Some are focusing on the actual experience of being at the college. And, yes, this could be true. Many students will have an equally wonderful 4 years at a relatively unknown school as they would at an Ivy-league school. Some are focusing on unhealthy pressure that some parents and students feel about going to top schools. And, yes, parents should focus on building what we call the “work character” of their children and perhaps hope they wind up at a college of their choice.
This article is addressing one very distinct issue: does it matter where your child attends college in relation to generating jobs, particularly first jobs?
It really does not matter for (1) students who are heading towards professions or locations where the name of the school from which they graduated does not mean much and (2) for those who are heading into a family business or some other pre-destined job path in fields that do not require high credentials.
But, it matters a tremendous amount for most others.
Large organizations are the most likely place to hire recent college graduates. Small businesses usually cannot afford to train inexperienced workers so they rarely recruit on college campuses. And, despite the last decade’s romantic shift towards entrepreneurship, almost all recent grads are not in the position to start a business.
Moreover, most college career planning and placement offices exclusively work with large companies, non-profits and government agencies.
That large and/or prestigious organizations and companies spend the bulk of their recruiting time and resources at highly ranked universities is a simple fact.
For that reason, if having the possibility of working for large/prestigious organizations is part of your practical investment in choosing a college, then “yes”, the name of the school does matter.
Indeed, it matters a great deal.
The counter-argument may be that you can still send resumes to any organization in order to land an interview.

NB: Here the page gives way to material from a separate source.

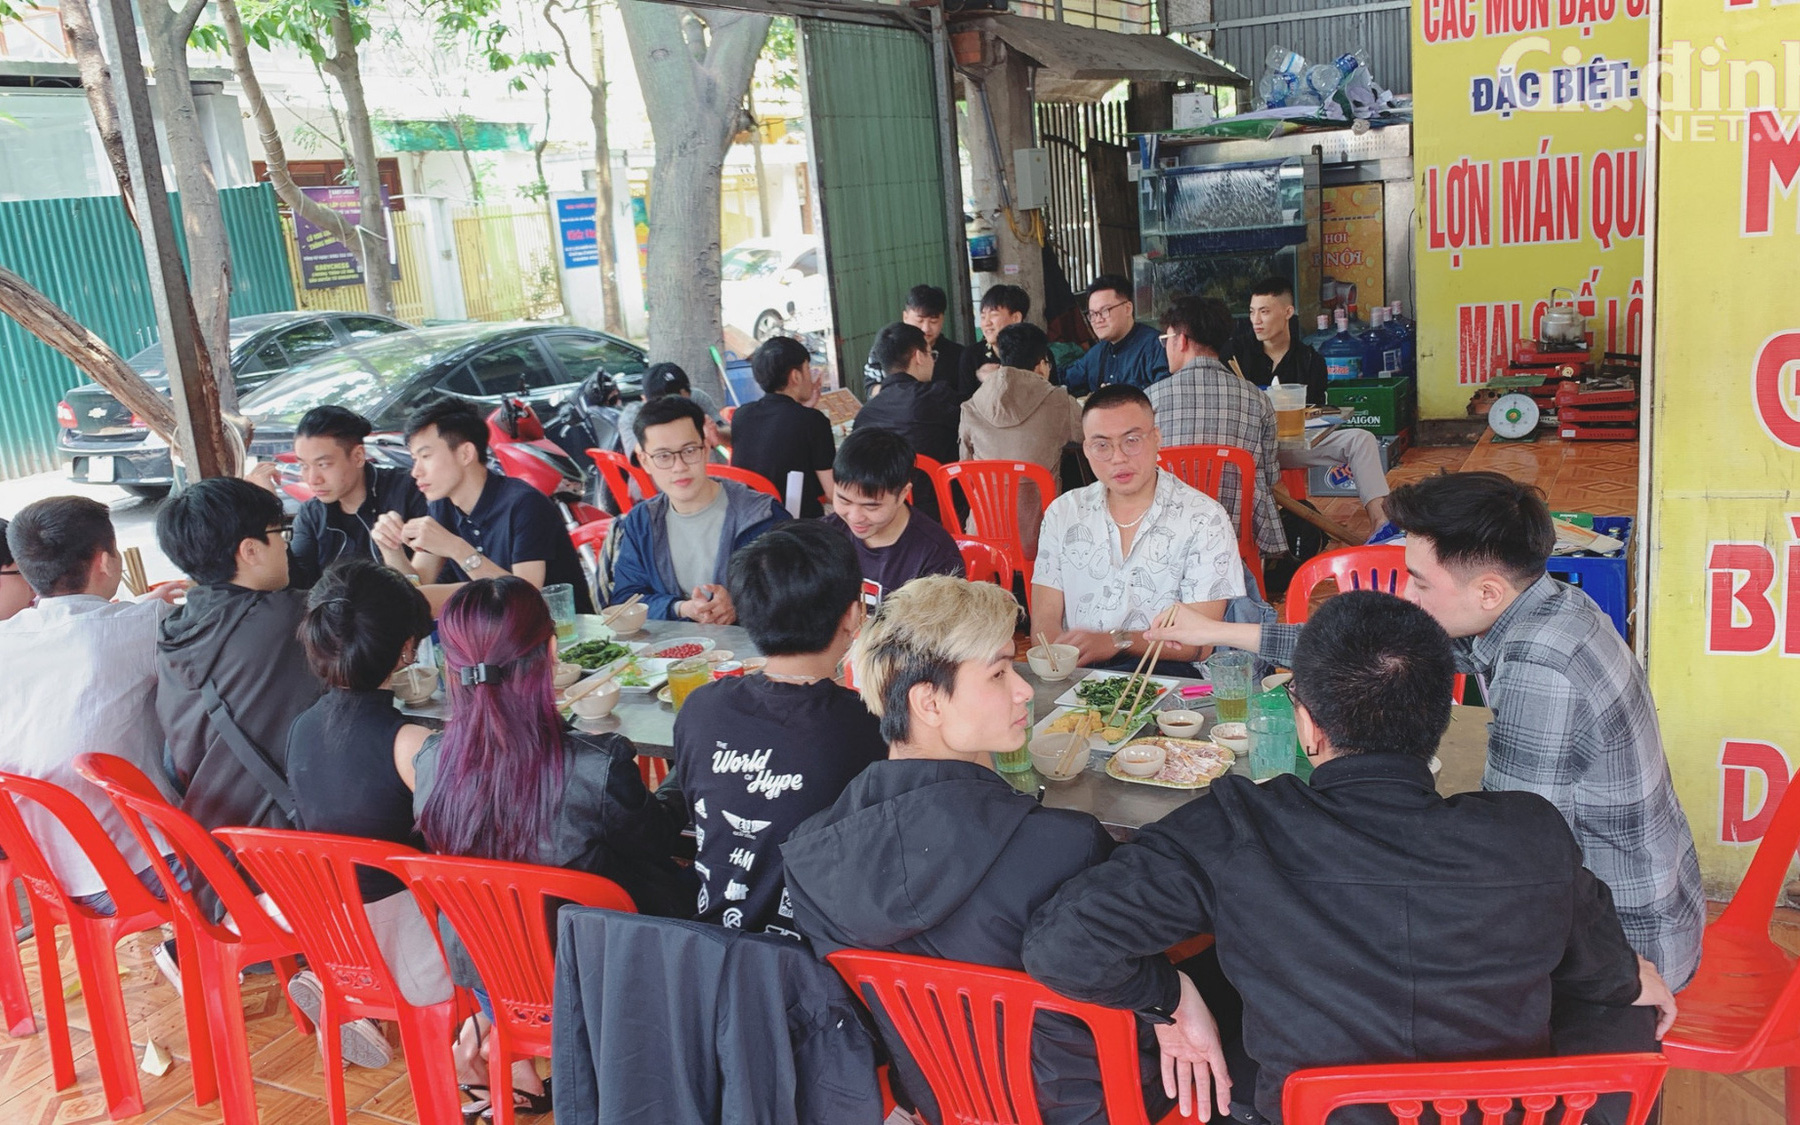 Đón gần 200 khách mỗi ngày sau dịch COVID-19, nhiều chủ quán ăn "vui như Tết" vì "được" bận rộn

Here’s our real-life observation and one that has been confirmed by many others in my research.
Hiring committees need to sift through hundreds of resumes to choose the few people that warrant an interview. Candidate A from Yale, or other prestigious school, had his/her resume moved to the interview pile without much consideration about the rest of the resume. Candidate B from Relatively Unknown College had to have some combination of (1) top grades (2) the right major/experiences and/or (3) a recommendation by someone with influence in the organization in order to get an interview.
If having your child have the greater ability to land job interviews after college is important, then “yes” it does matter.
There are numerous other reasons which will be addressed in separate articles.
I hesitate to provide arguments against those whose hearts might be in the right place. But, we have worked with too many unemployed 20 somethings from relatively unknown schools to believe that we should let the sentiment – that the name of the school does not matter – go unchallenged.
We also suggest that many parents who make the claim that the name of the school does not matter are overtly saying: “your child shouldn’t care about a name brand school” while behind the scenes are doing everything possible to gain their child entrance to a name brand school!